Federal prosecutors have today charged 47 individuals, including ex-Somali regional state president Abdi Muhamud Omer, a.k.a, Abdi Iley, with criminal charges of inciting inter-communal violence. The charges are filed at the federal high court fourth criminal bench.

Today’s criminal charges followed findings by the attorney general’s office on its investigations into the violence that plunged cities and towns in Somali regional state during the weekend of August 04/2018. The charge sheets contain details of the investigation results.

On January 25, the Attorney General’s office revealed that the August violence resulted in the killings of 58 people while 266 were injured. the report by the AG also revealed a gruesome details which were previously unreported, including the discovery of a mass grave where the remains of 42 of the victims was found. Eight more bodies were discovered inside the premises of St. Michael Church in Jigjiga city. The report also said ten women were raped in just a span of three days but added there could be more unreported cases of rapes. And properties worth about 421 million birr were also vandalized in the violence.

The August violence had eventually led to the intervention of federal forces and subsequent ousting from the presidency of Abdi Iley.

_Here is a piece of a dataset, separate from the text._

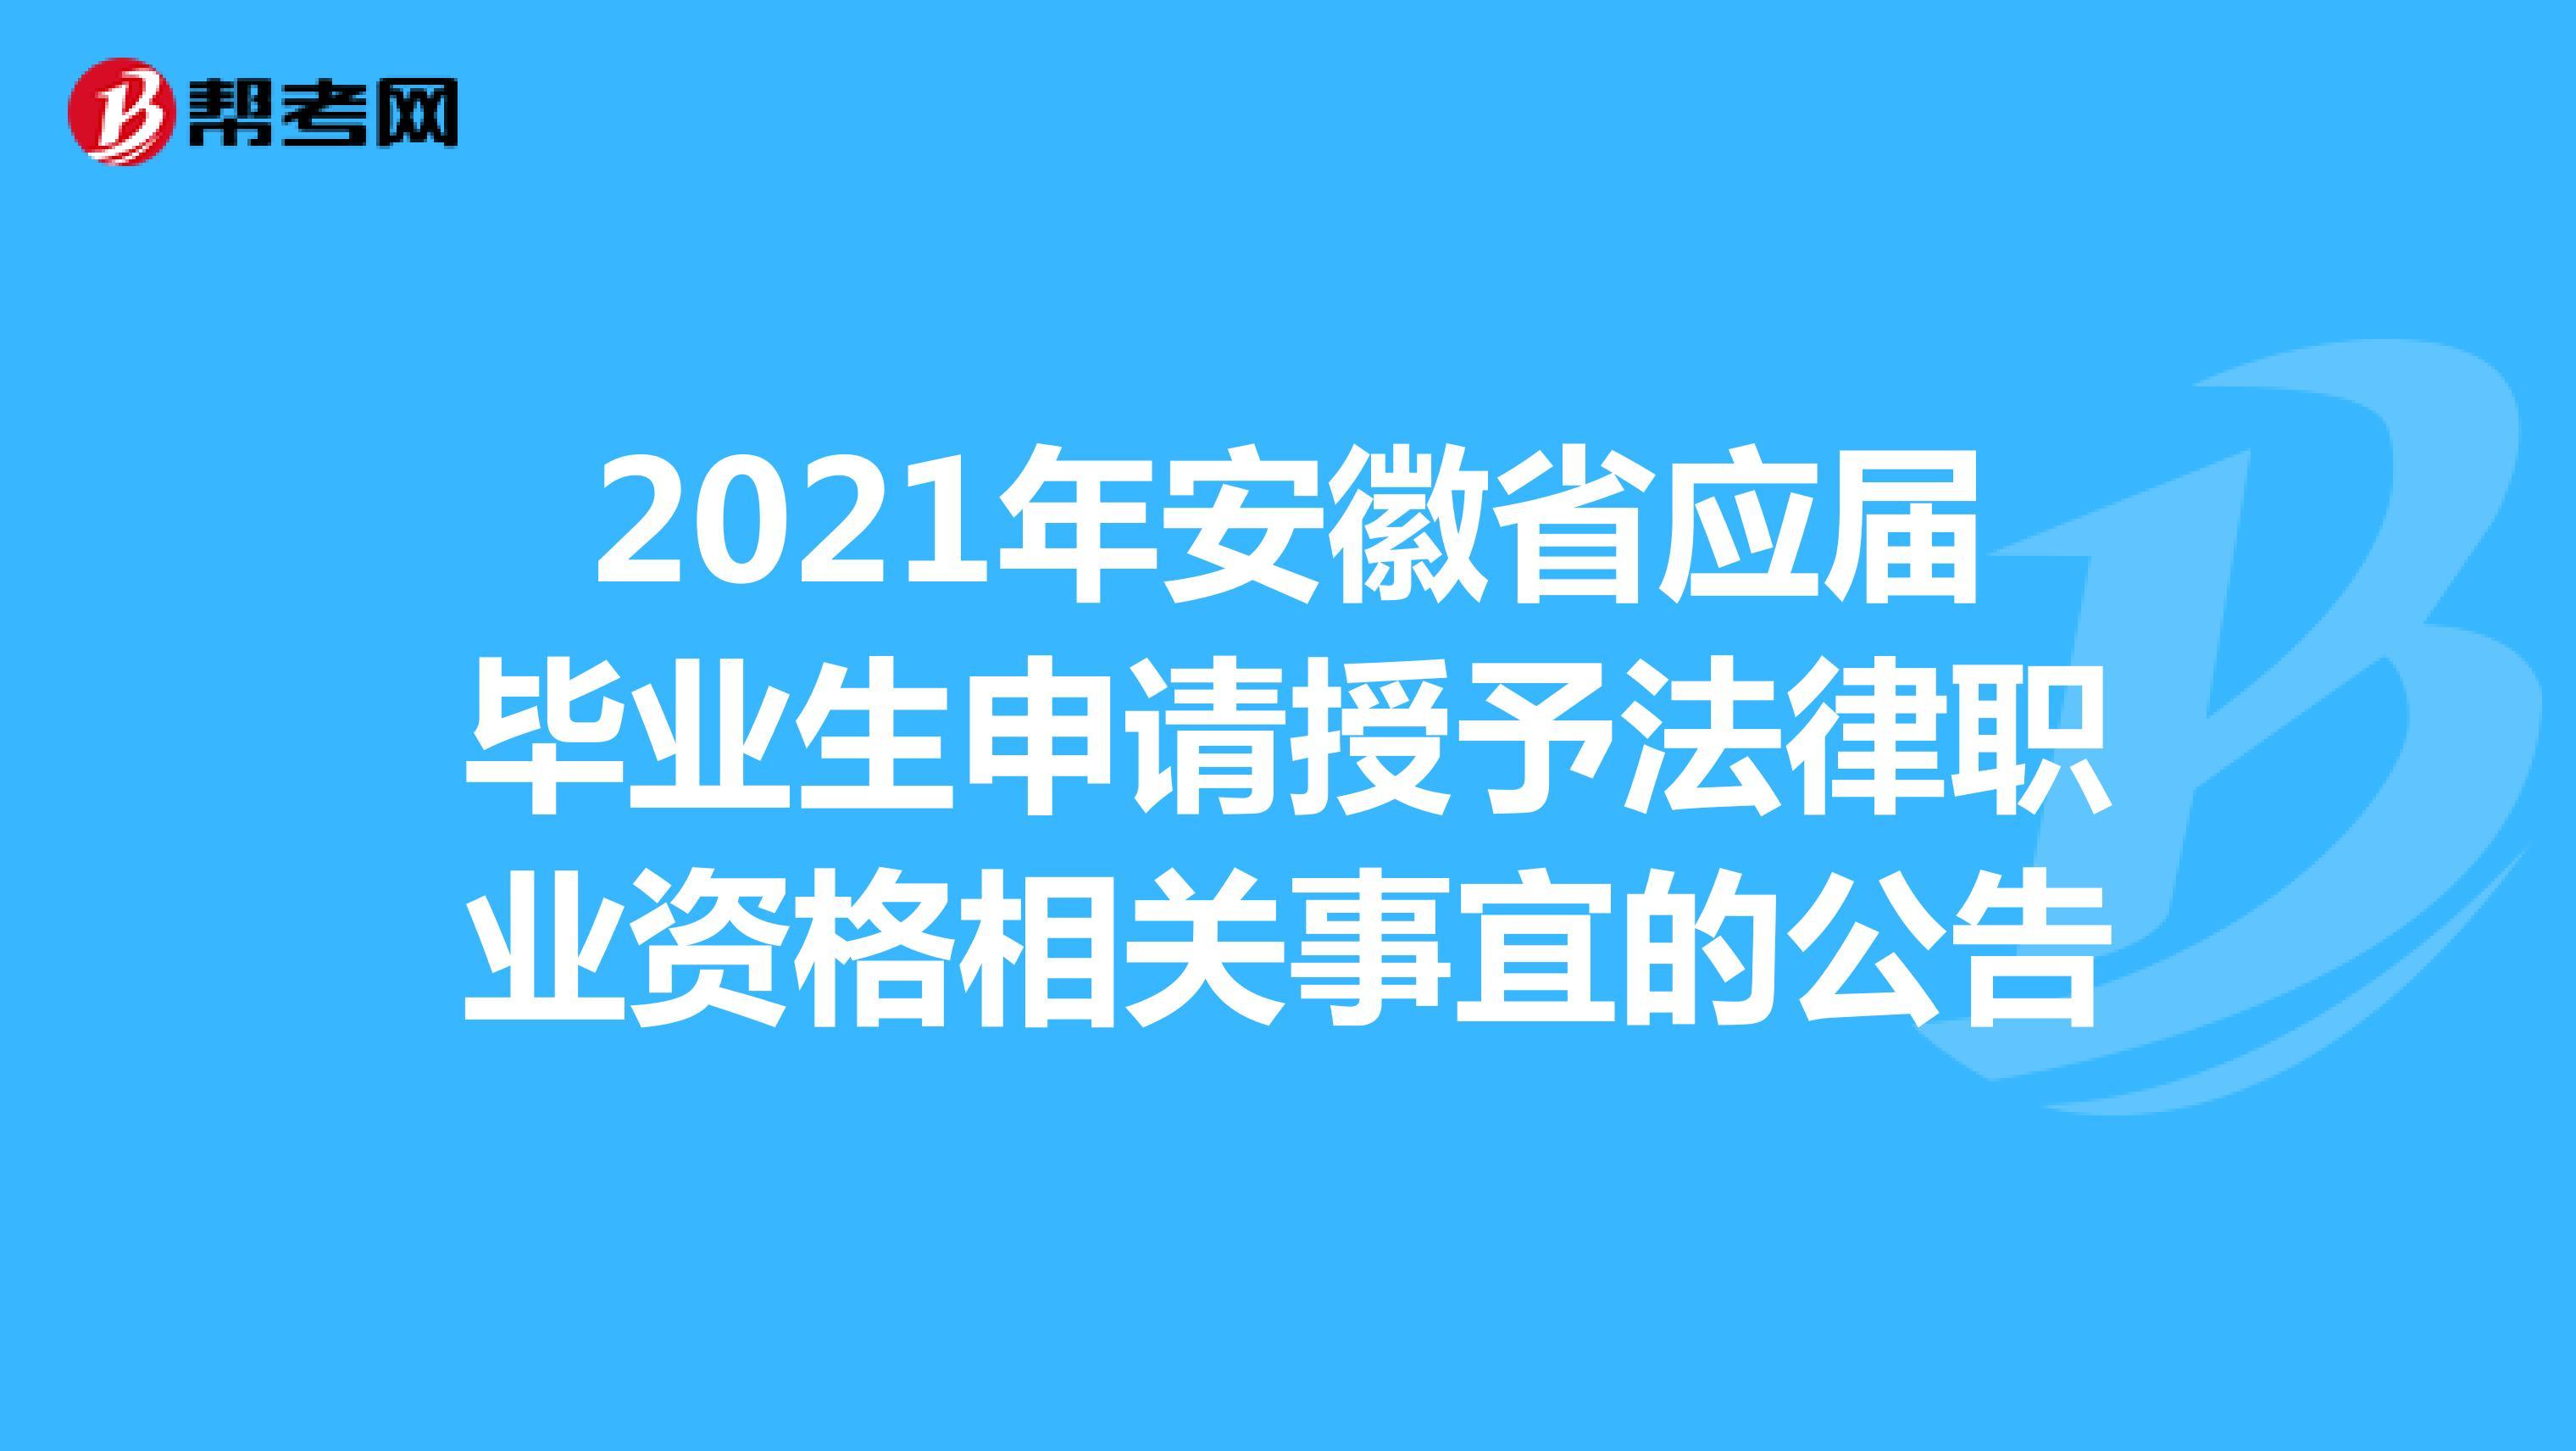 2021年安徽省应届毕业生申请授予法律职业资格相关事宜的公告
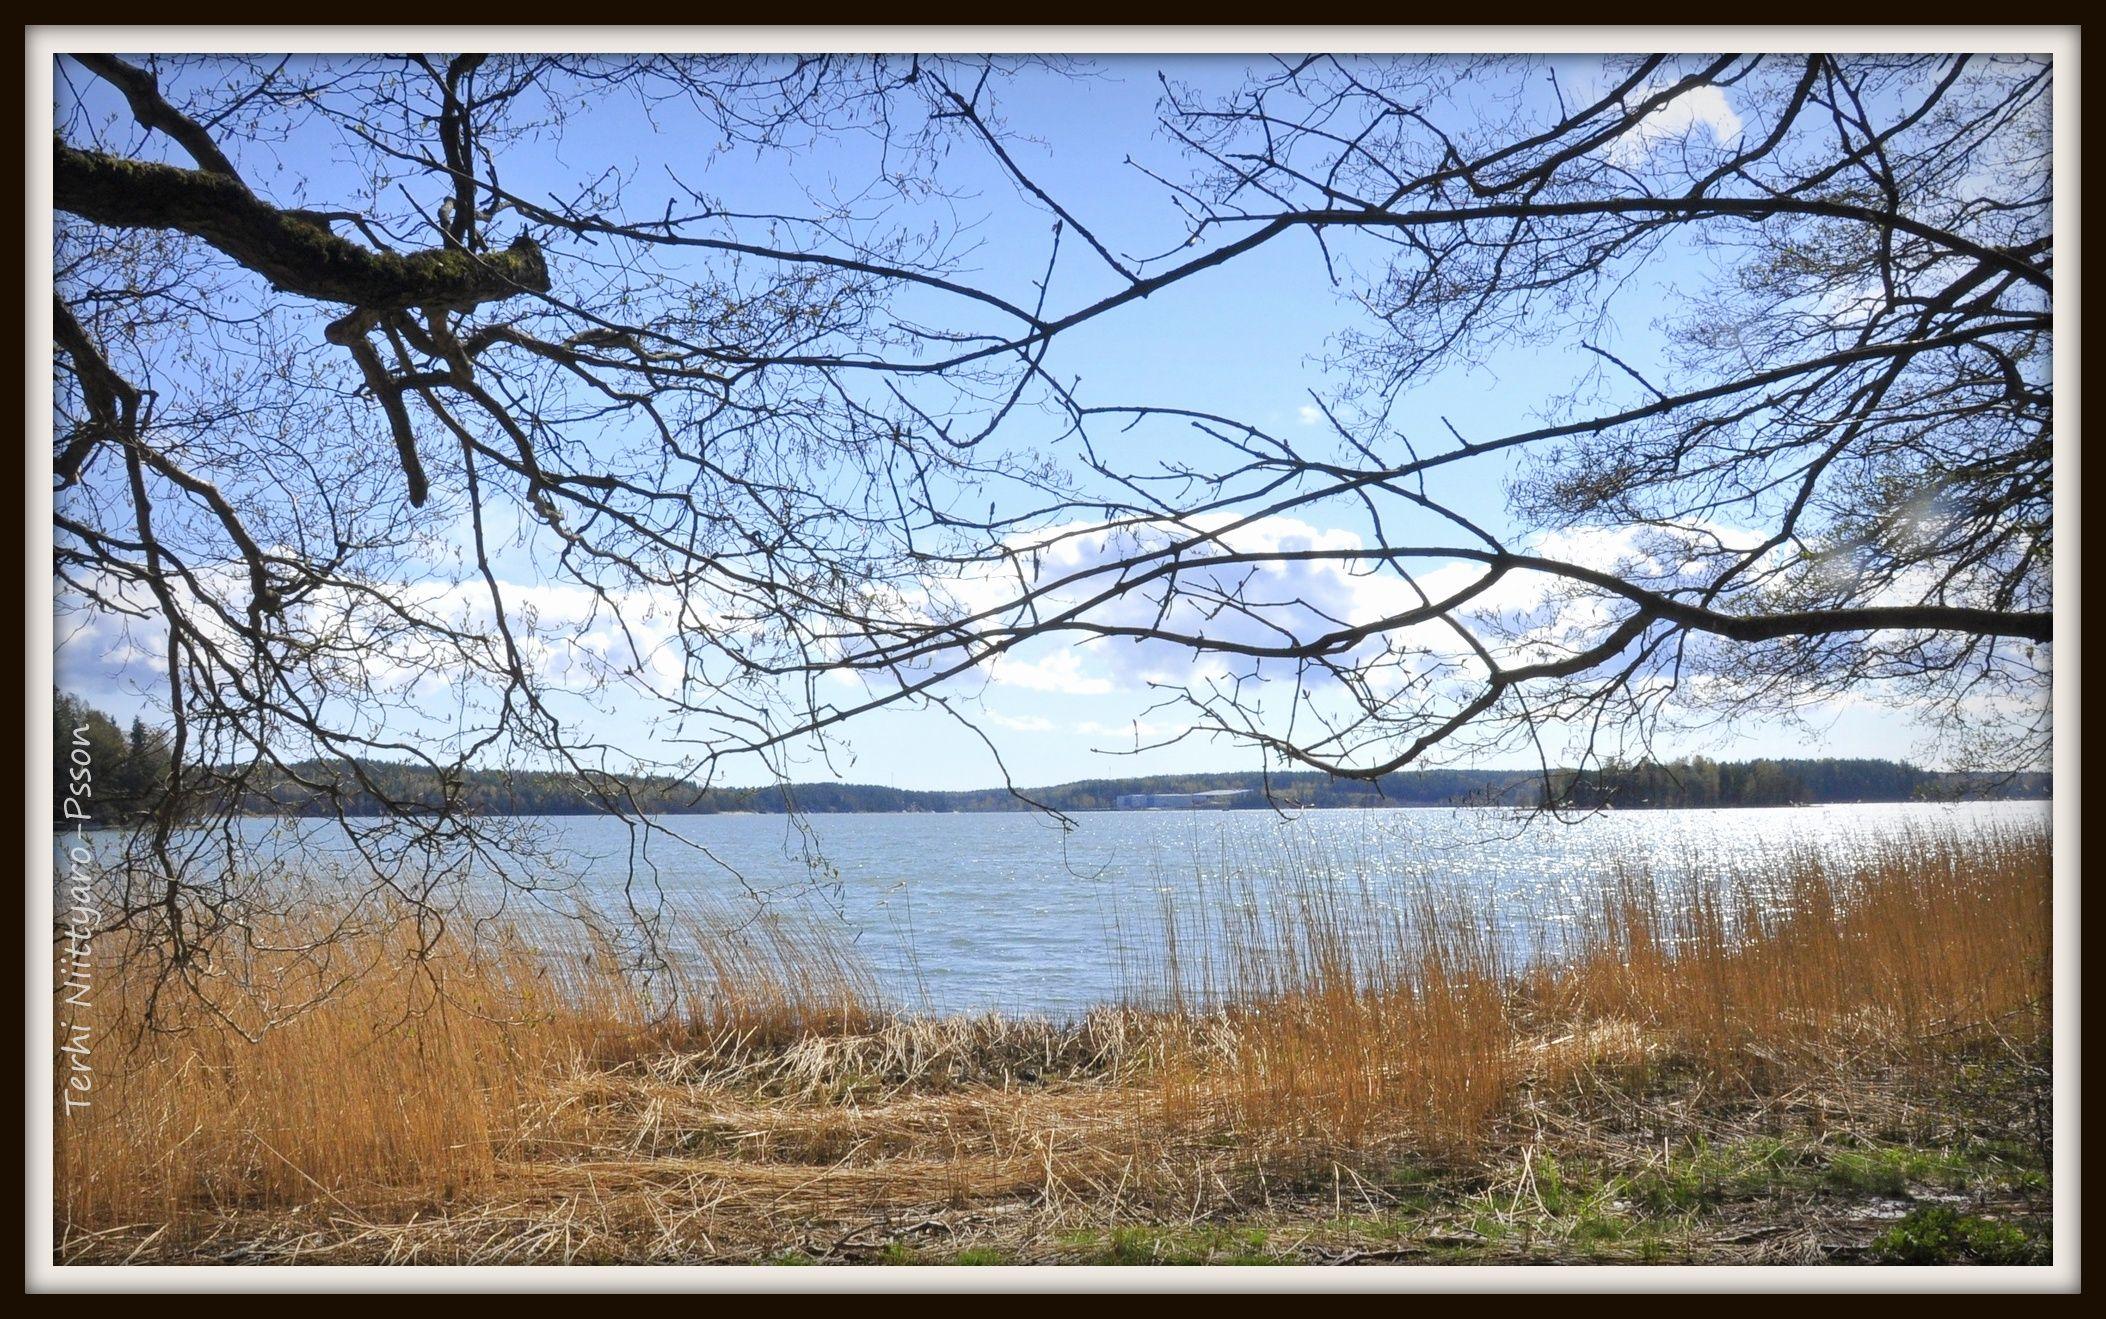 Parainen, Munkvikin luontopolku (naturetrail), toukokuu 2014. Kuvaaja Terhi Niittyaro-P.

Of the 47 charged today, only six are under police custody, including Abdi Iley, who was detained on August 27 from a house in Addis Abeba. He remained in jail facing serious criminal charges after his August 30/2018 request for bail was overruled by the federal high court. He was arraigned for several times since then and is now formally charged along with the five others who are also in police custody. They are: Rahma Mohammed Haybe, former head of women and children’s affairs bureau, and Abdulrezak Sehane Elmi, former head of the diaspora affairs office Ferhan Tahir, former police commissioner commissioner of the Somali region, as well as two private individuals: Worseme Abdi and Guled Abel.